I am using argument settings to populate as many settings in my pipeline as possible. The pipeline consumes files from GCS, processes with Wrangler, and writes out to GCS and BigQuery.
I am able to use the macros everywhere EXCEPT in the source GCS. If I try to set a macro for “format” or “schema”, I get a null pointer exception error. It is no problem in the sink GCS steps. It definitely appears to be a bug.

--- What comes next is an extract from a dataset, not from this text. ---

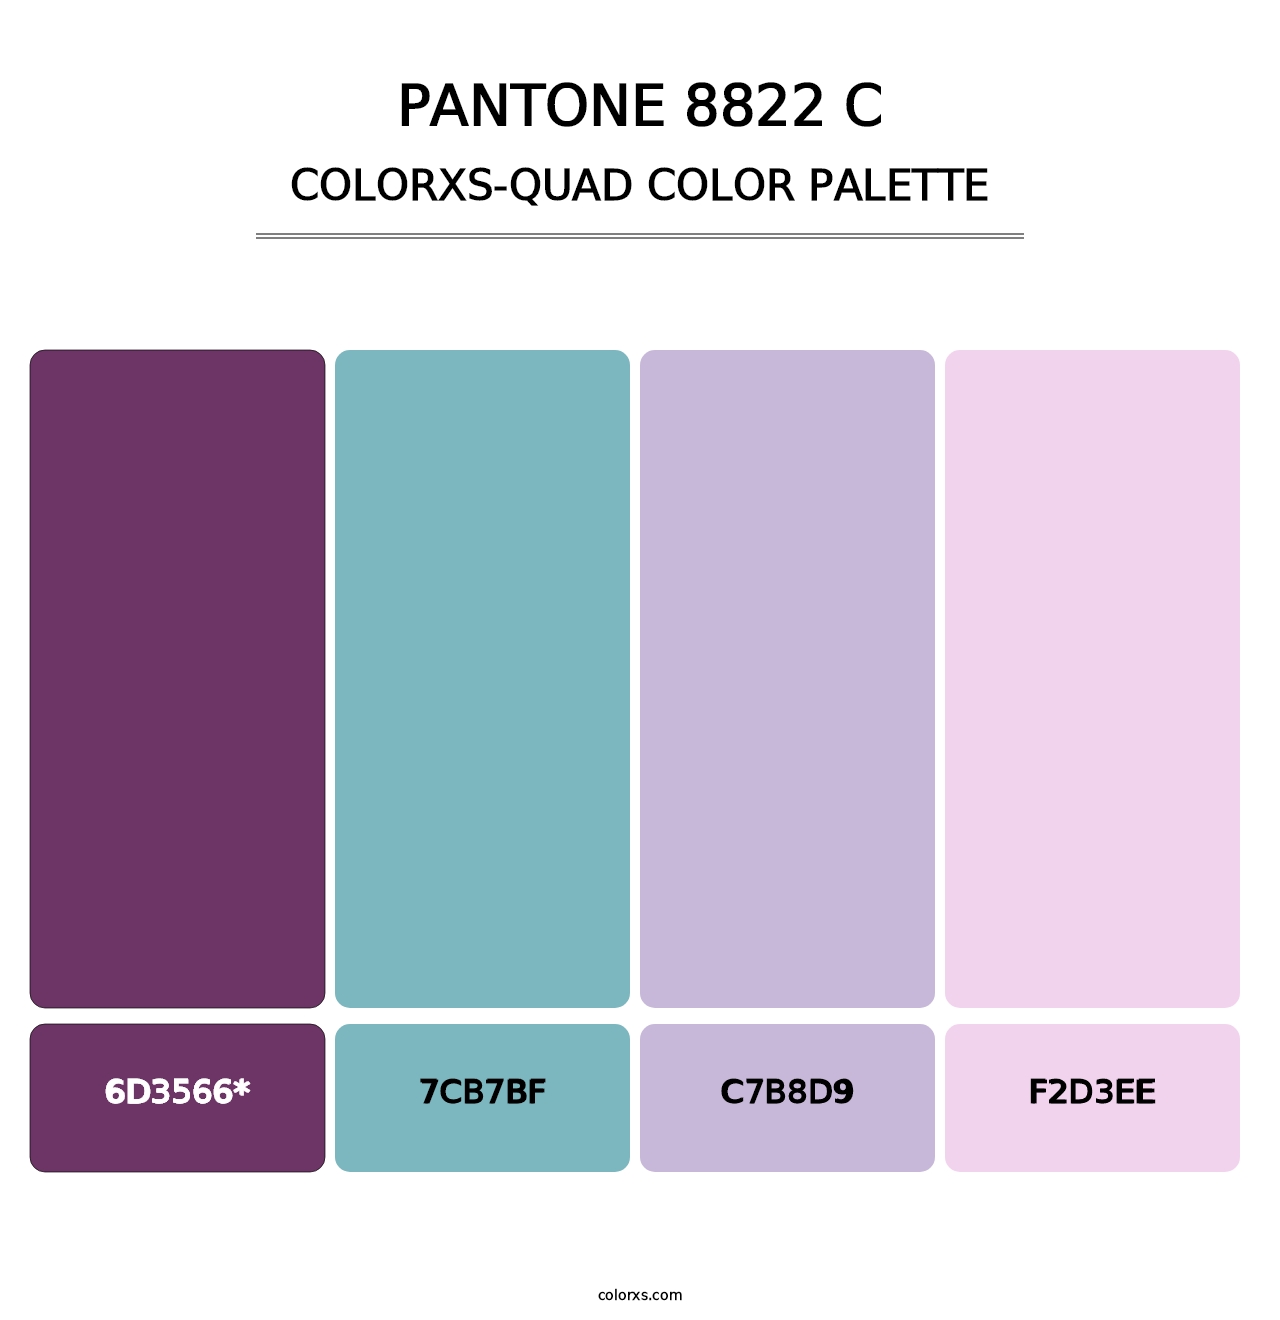 PANTONE 8822 C - Colorxs Quad Palette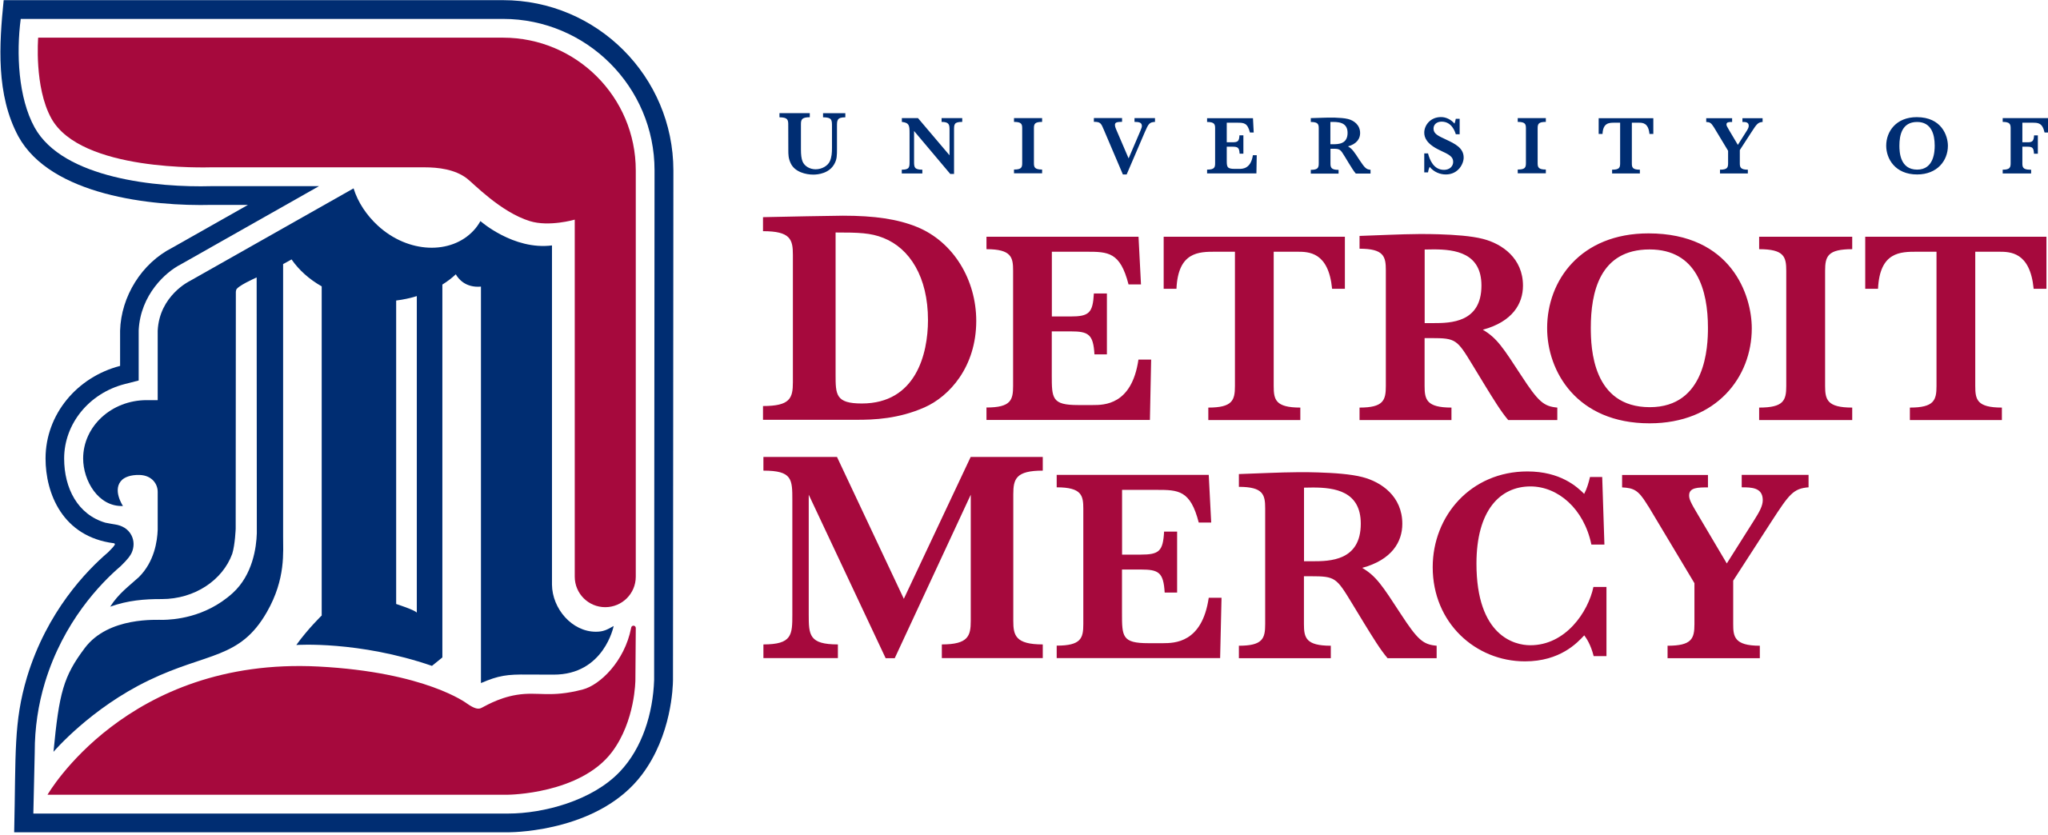 University_of_Detroit_Mercy_new_logo

Here is the relevant settings in my arguments JSON:
{
“arguments”: [
{
“name”: “gcs.source.path”,
“value”: “gs://org-usssa-dw-data-lake-dev/source/legacy/athleteAward.csv”
},
{
“name”: “gcs.source.format”,
“value”: “delimited”
},
{
“name”: “gcs.source.delimiter”,
“value”: “~”
},
{
“name”: “gcs.source.schema”,
“type”: “schema”,
“value”: [
{ “name”: “mvp_id”, “type”: “int”, “nullable”: true },
{ “name”: “player_id”, “type”: “int”, “nullable”: true },
{ “name”: “tournament_id”, “type”: “int”, “nullable”: true },
{ “name”: “mvp_name”, “type”: “string”, “nullable”: true },
{ “name”: “StatureID”, “type”: “int”, “nullable”: true },
{ “name”: “season_id”, “type”: “int”, “nullable”: true }
]
},
]
}